- [Exercise data]
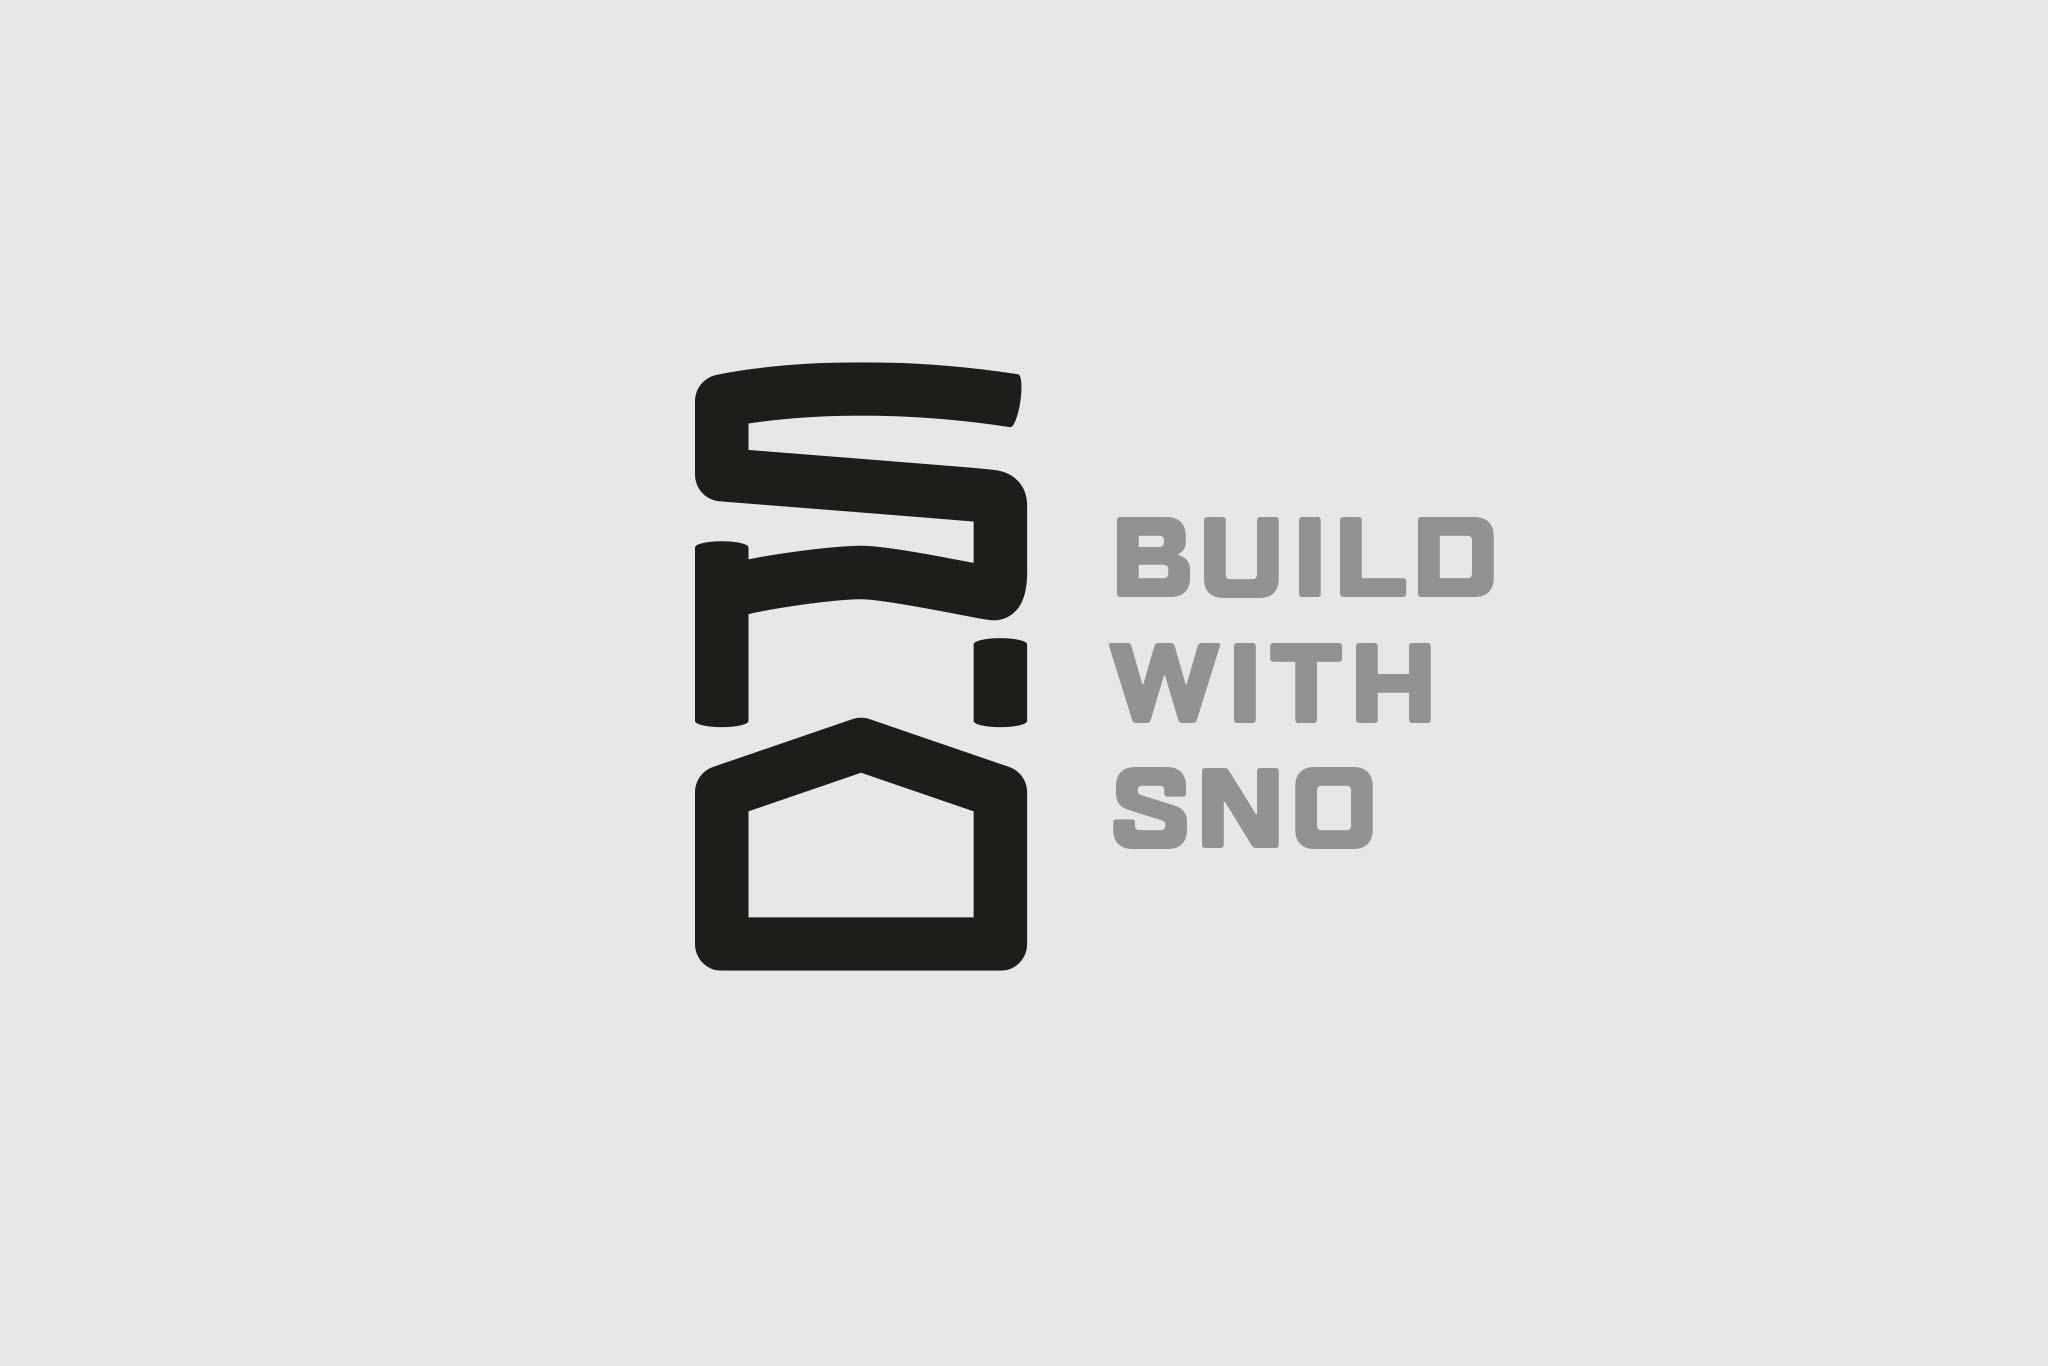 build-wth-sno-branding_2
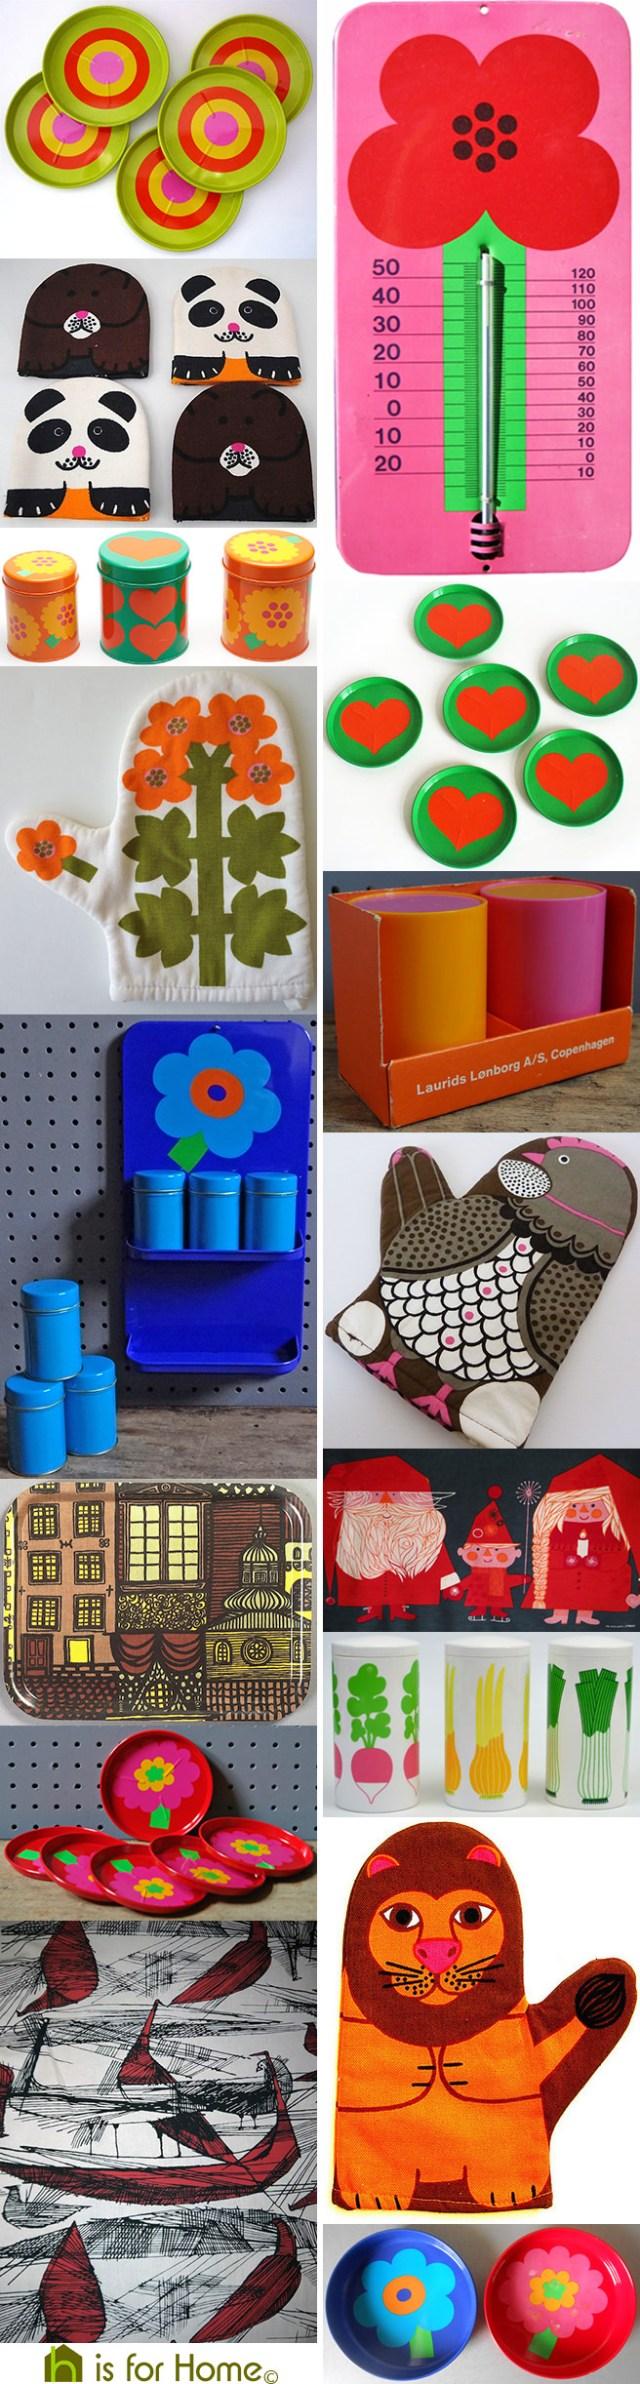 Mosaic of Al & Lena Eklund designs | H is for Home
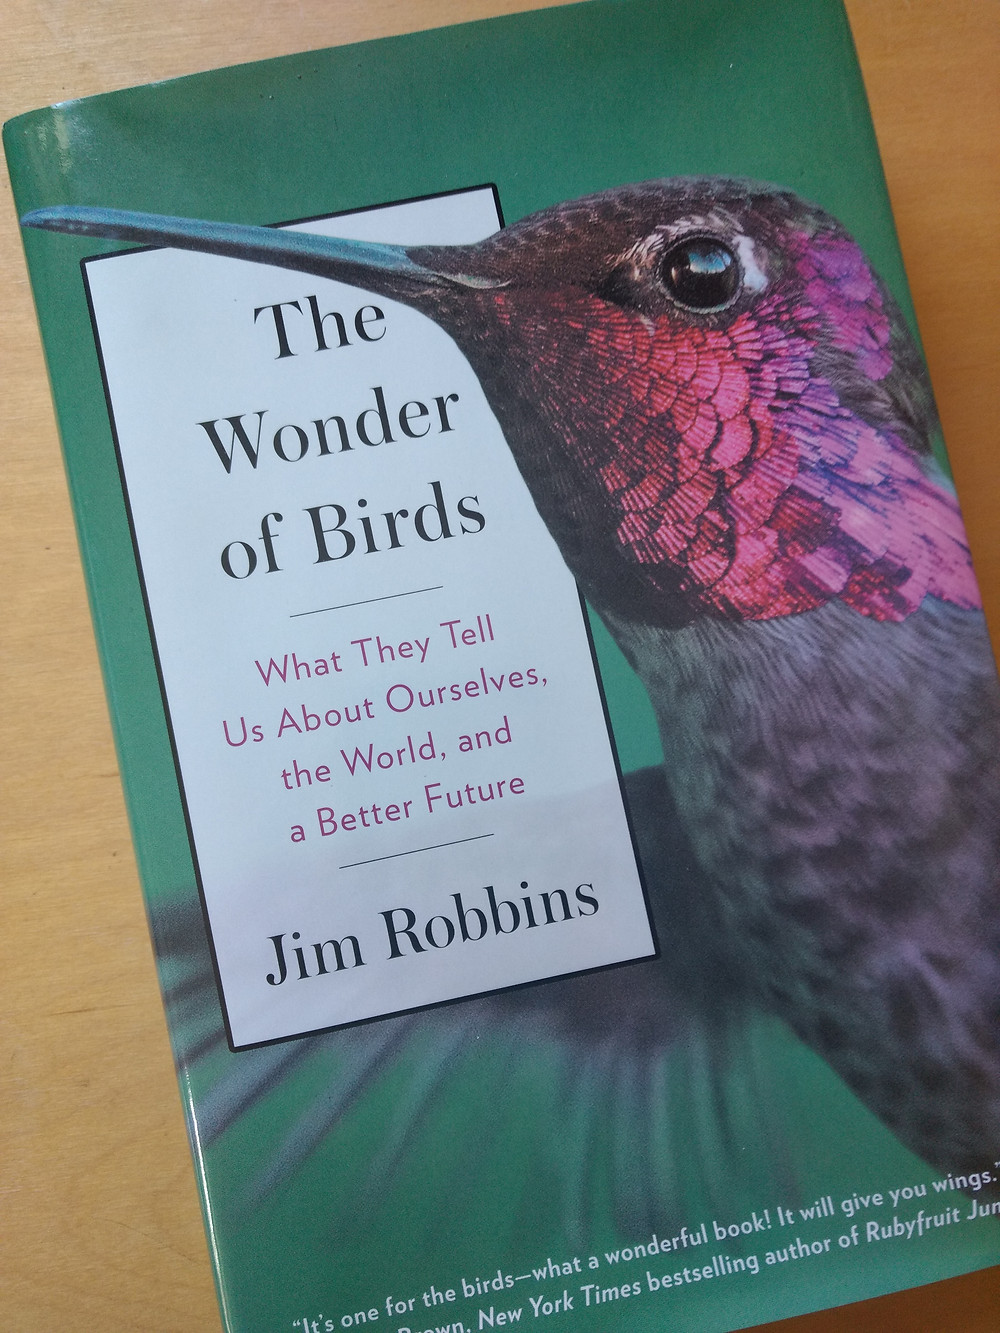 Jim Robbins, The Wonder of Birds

- [Work request] In your copy, leave out the pictures and reproduce the material above exactly.

- [Response box]
 build-wth-sno-branding_2
 Mosaic of Al & Lena Eklund designs | H is for Home
 Jim Robbins, The Wonder of Birds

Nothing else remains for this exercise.